What does that even mean?

Another thing I find boggling is, since when was complexity a good trait in a programming language?

EDIT: To actually answer your question OpenGL ES is an off-shoot of OpenGL based off OpenGL 2.0. The programming models are almost identical, so if you are familiar with one, you can use the other with ease. You can see most of the details here.

I didn't expressed well, sorry.

I never said complexity is a good thing in a language. On the contrary, I was trying to say that C++ is too "heavy". You need to care about memory.
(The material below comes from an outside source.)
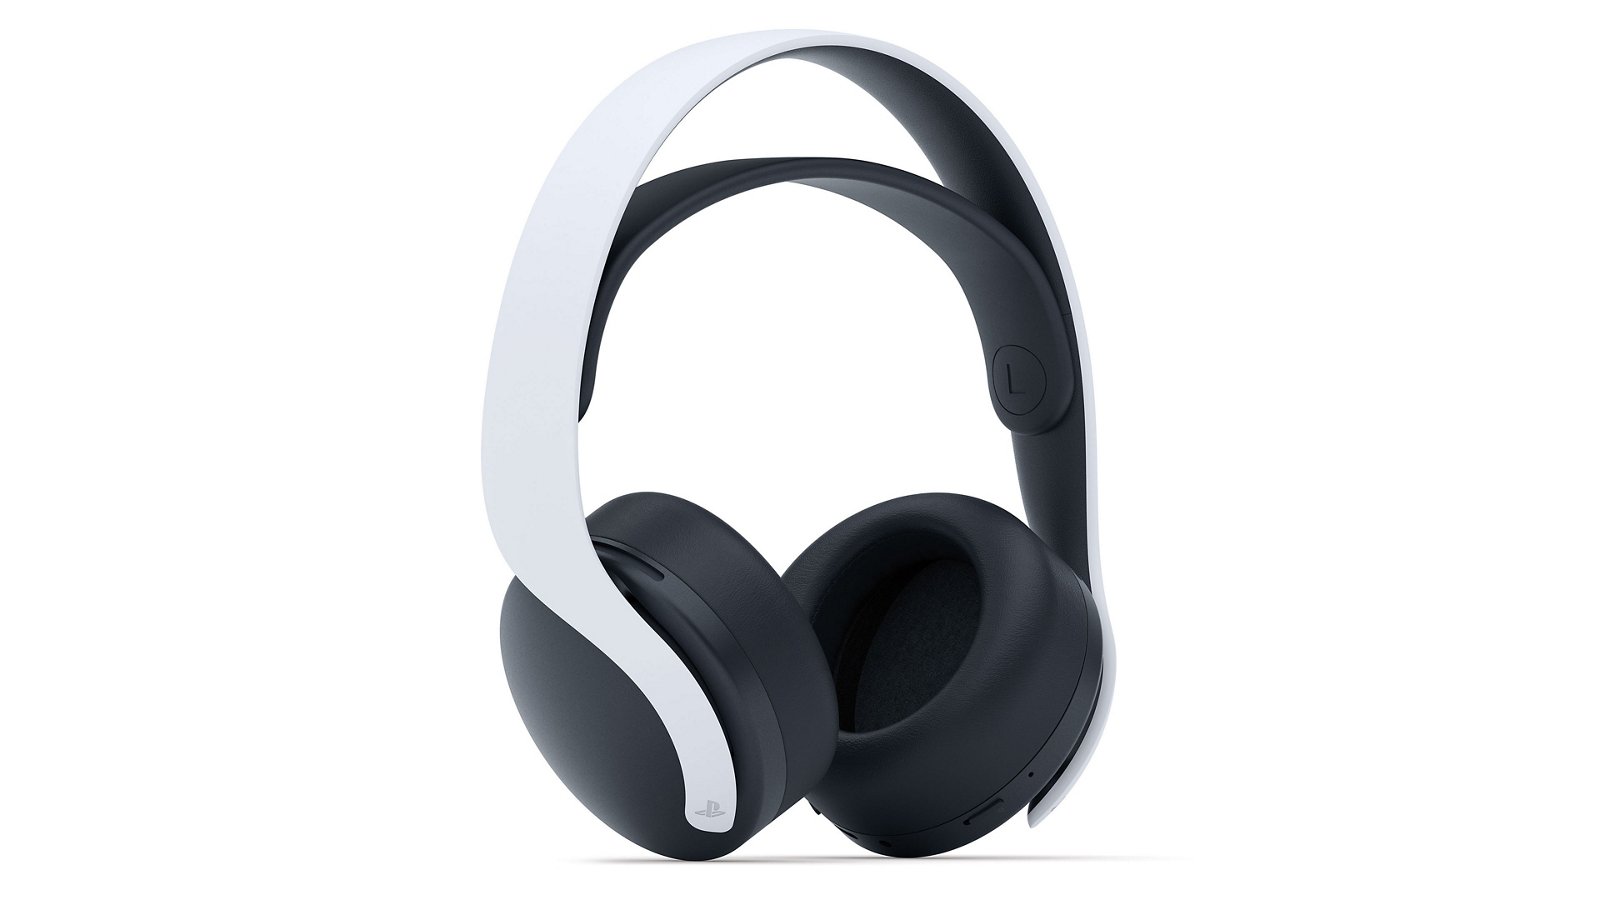 Set kepala PS5 Pulse 3D Sony white Black Friday 2021 UK tawaran jualan

Basically complex things are made with complex languages.

...

So, OpenGL ES has a fixed function pipeline... It is a bad thing, isn't it?

riverreal,

I dont mean to sound insulting, I really don't but C++ when written properly does not need manual memory management. This demonstrates that you are following a typical trend of this forums. Not trying out C++ before making an opinion and just going by what the rest of the users say. C# however, with threads and critical resources *does* require extremely manual management whereas C++ can use RAII.

As for Seraph and stuff about slash dot.. Not sure. Sounds a bit too trendy for me. Kinda like github and web developers and twitter API integration. Not really my "kinda scene" ;)

I started using Vim exclusively once Microsoft Visual Studio 6 changed and cost me time getting used to the 2002/3 .NET version.

As for OpenGL, the same code can work fine in both ES and normal version. No-one has really used the fixed functionality for about 10 years, unless they are learning or maintaining old software to work on new platforms (something that cannot be done with software like GameMaker once it is no longer on sale without rewriting your own implementation... ridiculous).

Anyways, I am leading this thread offtopic so I am gonna leave this here. Basically to the OP, look around to see what works best for you. Just don't be put off a platform or workflow because it is not "cool"... like slash dot ;)
http://tinyurl.com/shewonyay - Thanks so much for those who voted on my GF's Competition Cosplay Entry for Cosplayzine. She won! I owe you all beers :)

Mutiny - Open-source C++ Unity re-implementation.
Defile of Eden 2 - FreeBSD and OpenBSD binaries of our latest game.

That's true, C++ is a very complex language that lets the programmer to involve different aspects for the program.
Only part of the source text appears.